As a professor (now an emeritus professor) of Classics and Ancient History at The University of Western Australia, I became involved in the Macedonian naming dispute about ten years ago, when I noticed that under then Prime Minister Nikola Gruevski a statue that seemed to be intended to represent Alexander the Great was to be erected in Skopje, and various other monuments were being given names that implied that what was then The Former Yugoslav Republic of Macedonia was connected with the ancient Macedonia that existed in the 4th century B.C. I knew that this was incorrect, so I gave a little talk on the subject to a Greek audience, and created a small pamphlet entitled The Myth of Modern Macedonia to combat this presence.

This was a personal initiative, because my university has no position with regard to this matter, and is interested only in avoiding disputes on campus (which have not happened) or the appearance of favouring either group. I have never agreed with the extremist Greek position, that the name of ‘Macedonia’ should never be used to describe the FYROM. It has been used to describe an enlarged Macedonia since the second century BC, so modification of the name of the modern country has always seemed to me to be the best solution. In my pamphlet I suggested that ‘North Macedonia’ might be an acceptable way of resolving the problem. I am very pleased that both governments have now accepted this name.

The only thing with which I disagree in the text of the Prespes Agreement that I have studied is that the language of North Macedonia is to be called ‘Macedonian’.

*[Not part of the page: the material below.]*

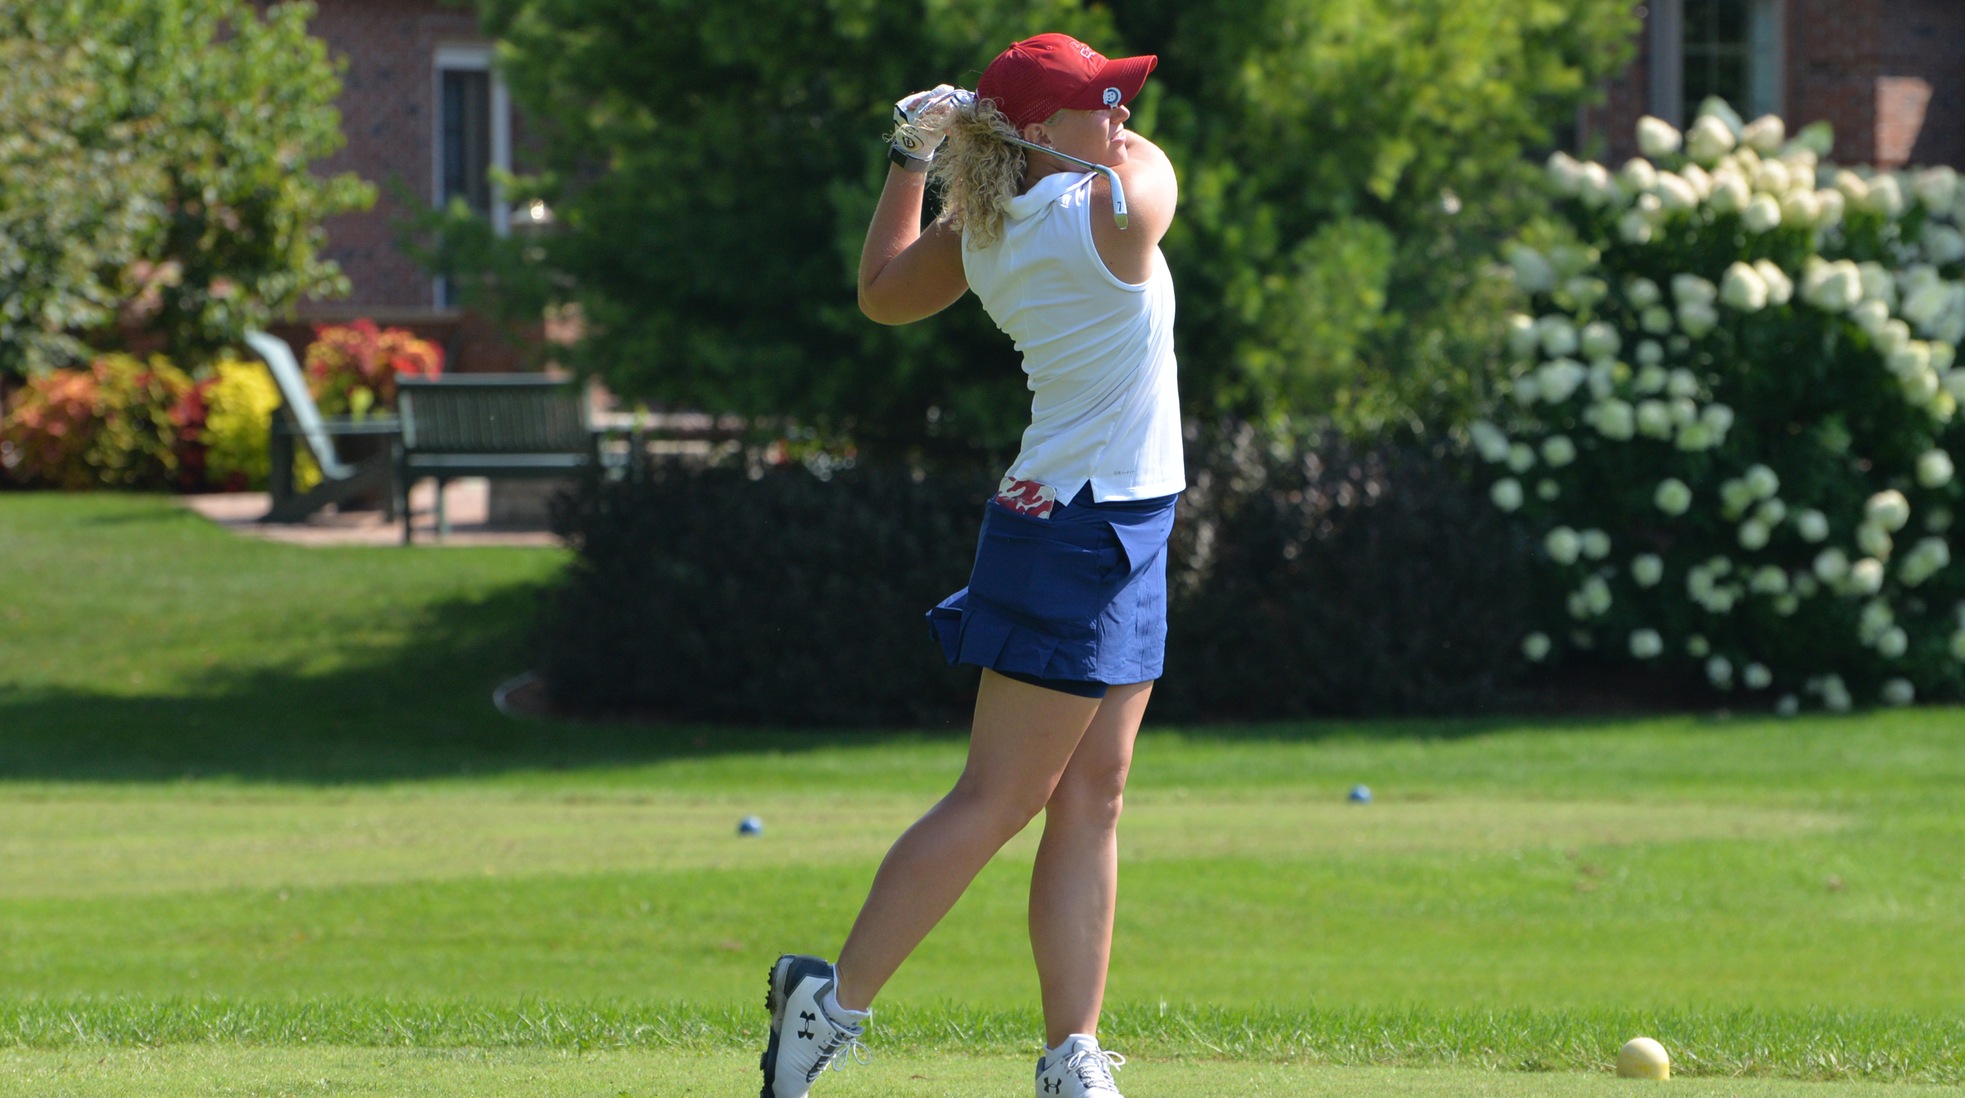 Women's Golf leads by two strokes after round one at Bulldog Fall Invitational

This can lead to confusion between the modern language and the ancient Macedonian dialect (although the latter is almost completely irrecoverable, because the ancient Macedonians hardly ever used writing, and all that we have is about a hundred and fifty words and names, some of them perhaps slightly misspelt in the manuscripts, that have been recorded in the Byzantine period). It is clear, however, that it was one of a number of slightly similar dialects that were spoken in the north of today’s Greece and to the north and west of it, before the Attic dialect became the basis of the koine language that spread over the eastern Mediterranean world after the conquests of Alexander the Great.

I would have preferred that the North Macedonian language should be called ‘Modern Macedonian’ to make this distinction clear. If there is any chance of making this change, I hope that both sides can agree on it. However, what is much more important is that the Greeks and North Macedonians who have furiously resisted this change of name should now cease their complaints, and start working to make this agreement a success, because it will be beneficial for both countries. There is a lot of work to do, both in the short term and in the coming decades, and I estimate that it will take at least fifty years before things become fully settled. In the first place, many hours of work will be required in both countries to rework documents of many kinds and rename organisations in North Macedonia. Then there is the enormous task of editing teaching material in North Macedonia so that it does not give a false view of history.

Finally, it will take more than one generation for the mistaken beliefs of the North Macedonians, beliefs on which for so many of them their identity is based, to be corrected and replaced by a more accurate understanding of their history.

John Melville-Jones is a professor at the Australian Insitute of Western Australia.